- [STORED DATA]:
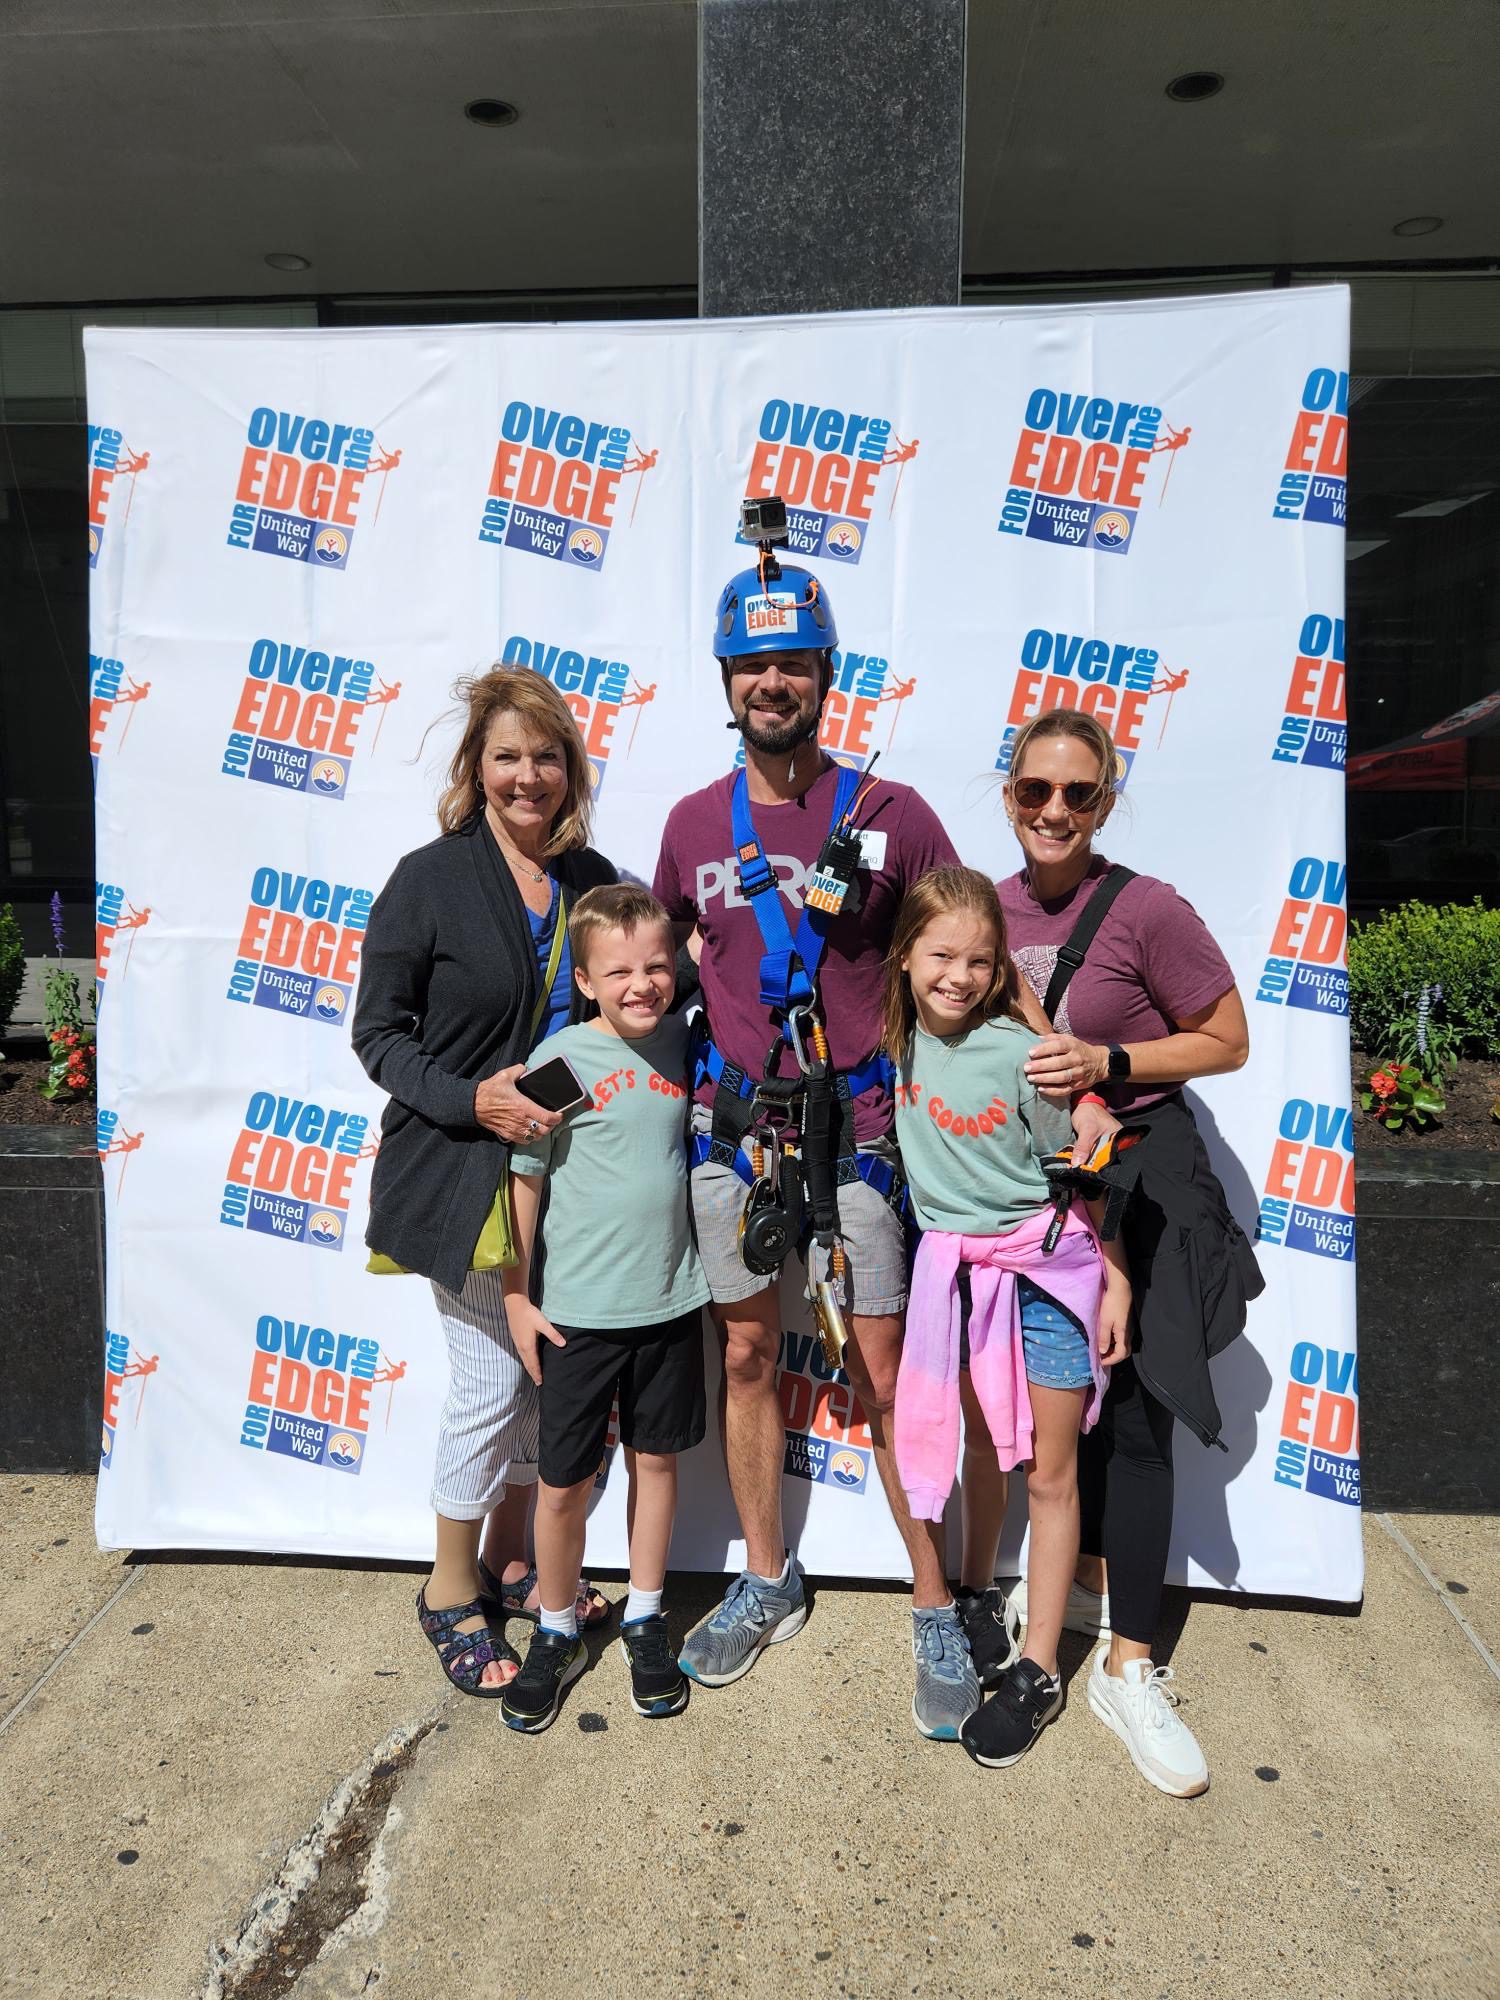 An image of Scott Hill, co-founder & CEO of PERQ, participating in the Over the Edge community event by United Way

--

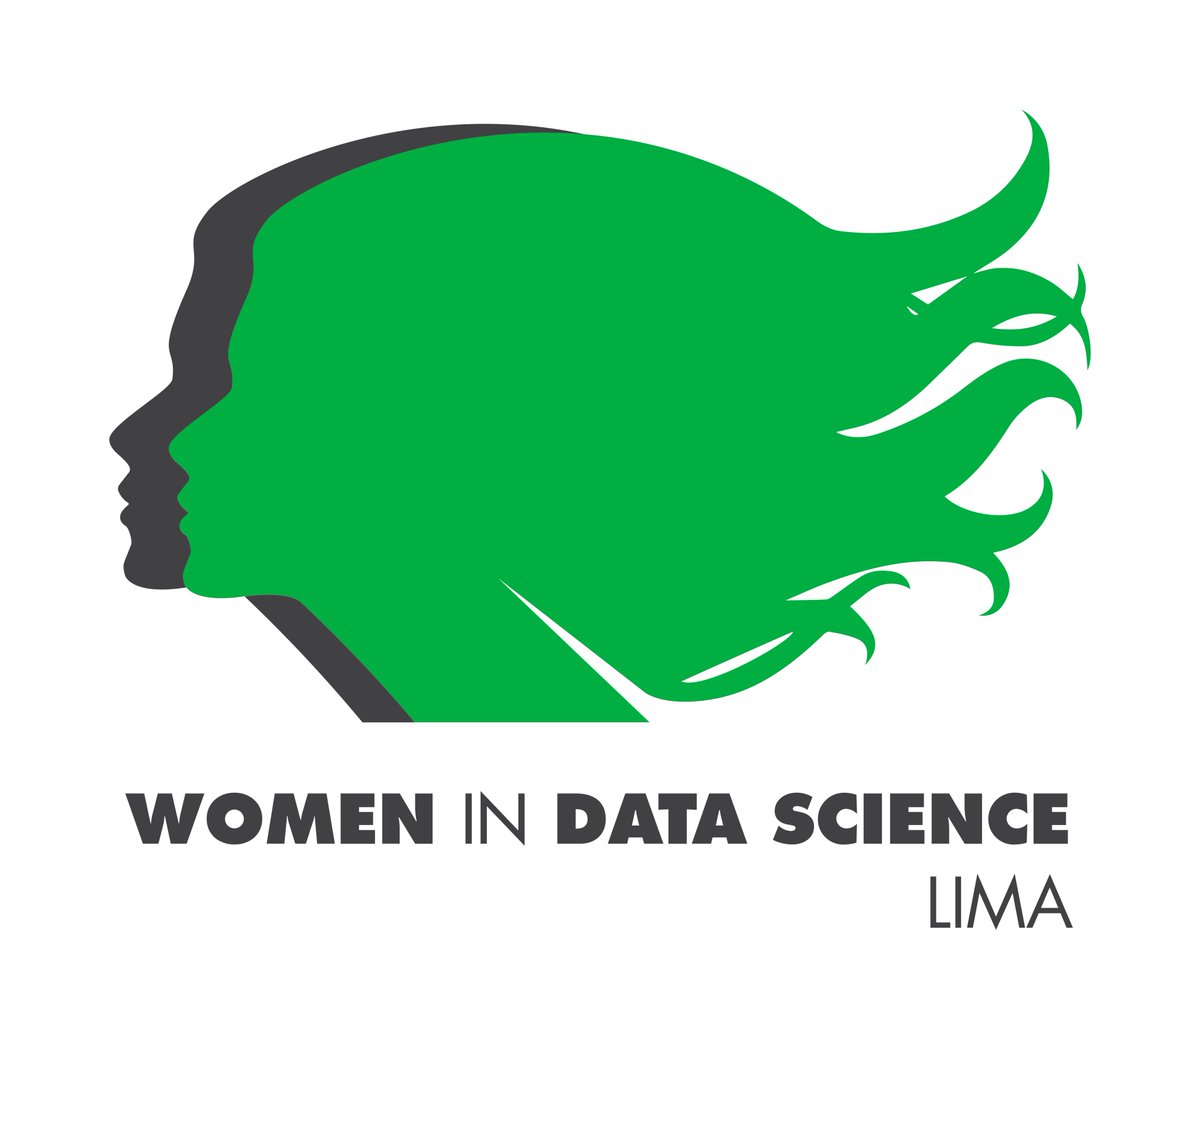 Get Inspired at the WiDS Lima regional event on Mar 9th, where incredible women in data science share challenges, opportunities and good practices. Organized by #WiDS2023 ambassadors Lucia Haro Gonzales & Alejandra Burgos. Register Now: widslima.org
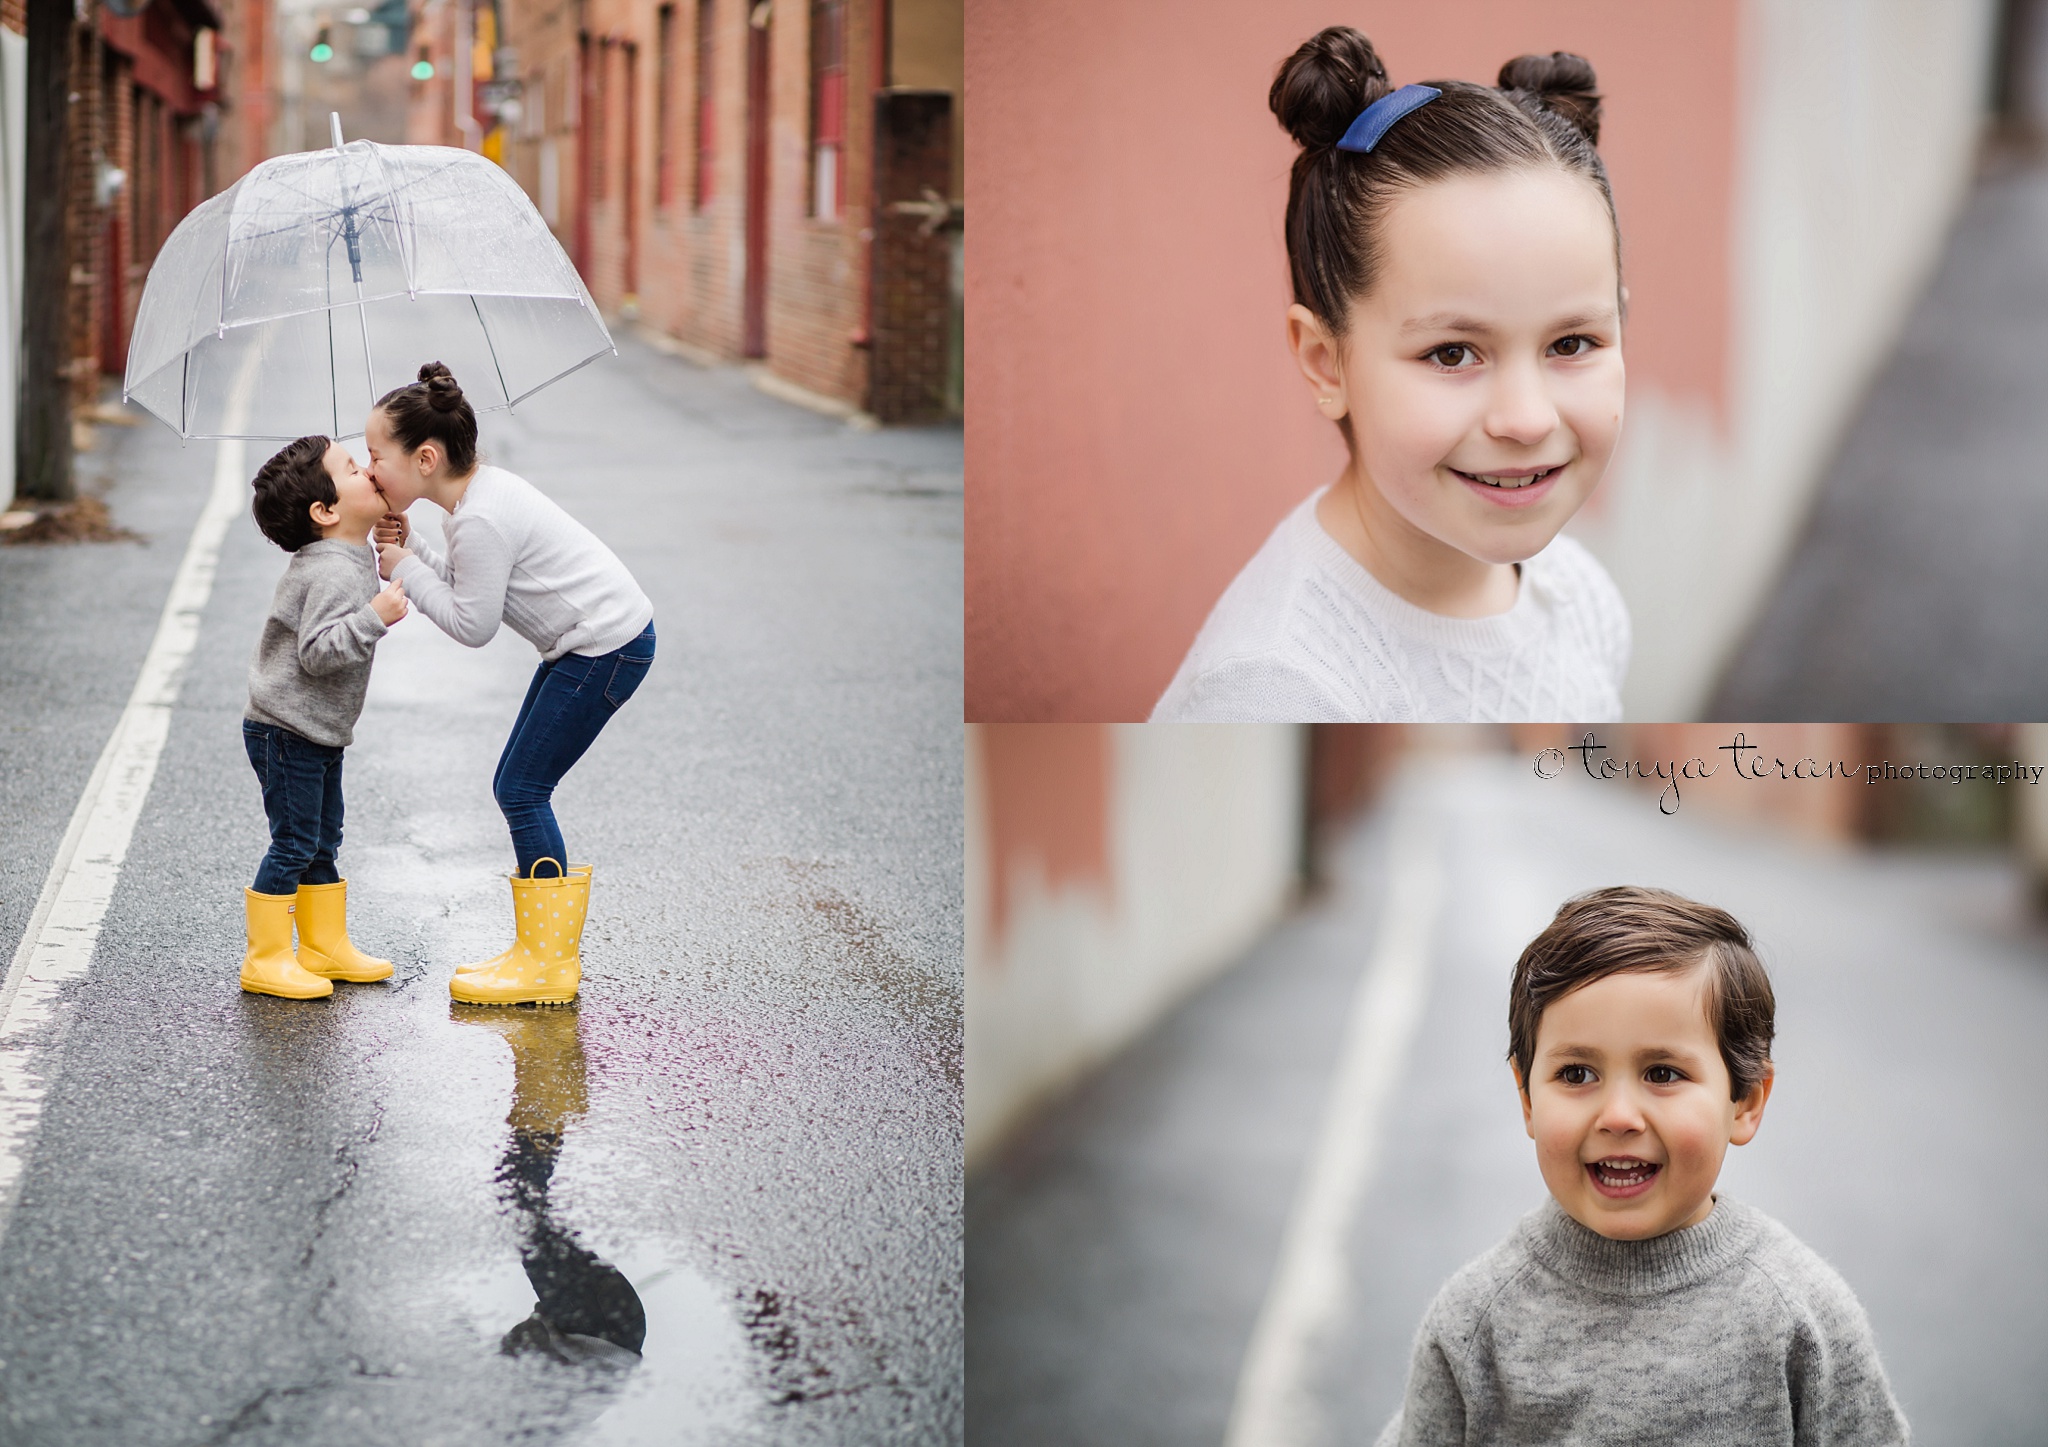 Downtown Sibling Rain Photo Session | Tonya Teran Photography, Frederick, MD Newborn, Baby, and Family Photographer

- [PROBLEM]:
Only the lines above starting with the line with "Get Inspired at" and going on through the line with "Downtown Sibling Rain" belong in the answer; repeat them exactly, minus any picture.

- [ANSWER SPACE]:
 Get Inspired at the WiDS Lima regional event on Mar 9th, where incredible women in data science share challenges, opportunities and good practices. Organized by #WiDS2023 ambassadors Lucia Haro Gonzales & Alejandra Burgos. Register Now: widslima.org
 Downtown Sibling Rain Photo Session | Tonya Teran Photography, Frederick, MD Newborn, Baby, and Family Photographer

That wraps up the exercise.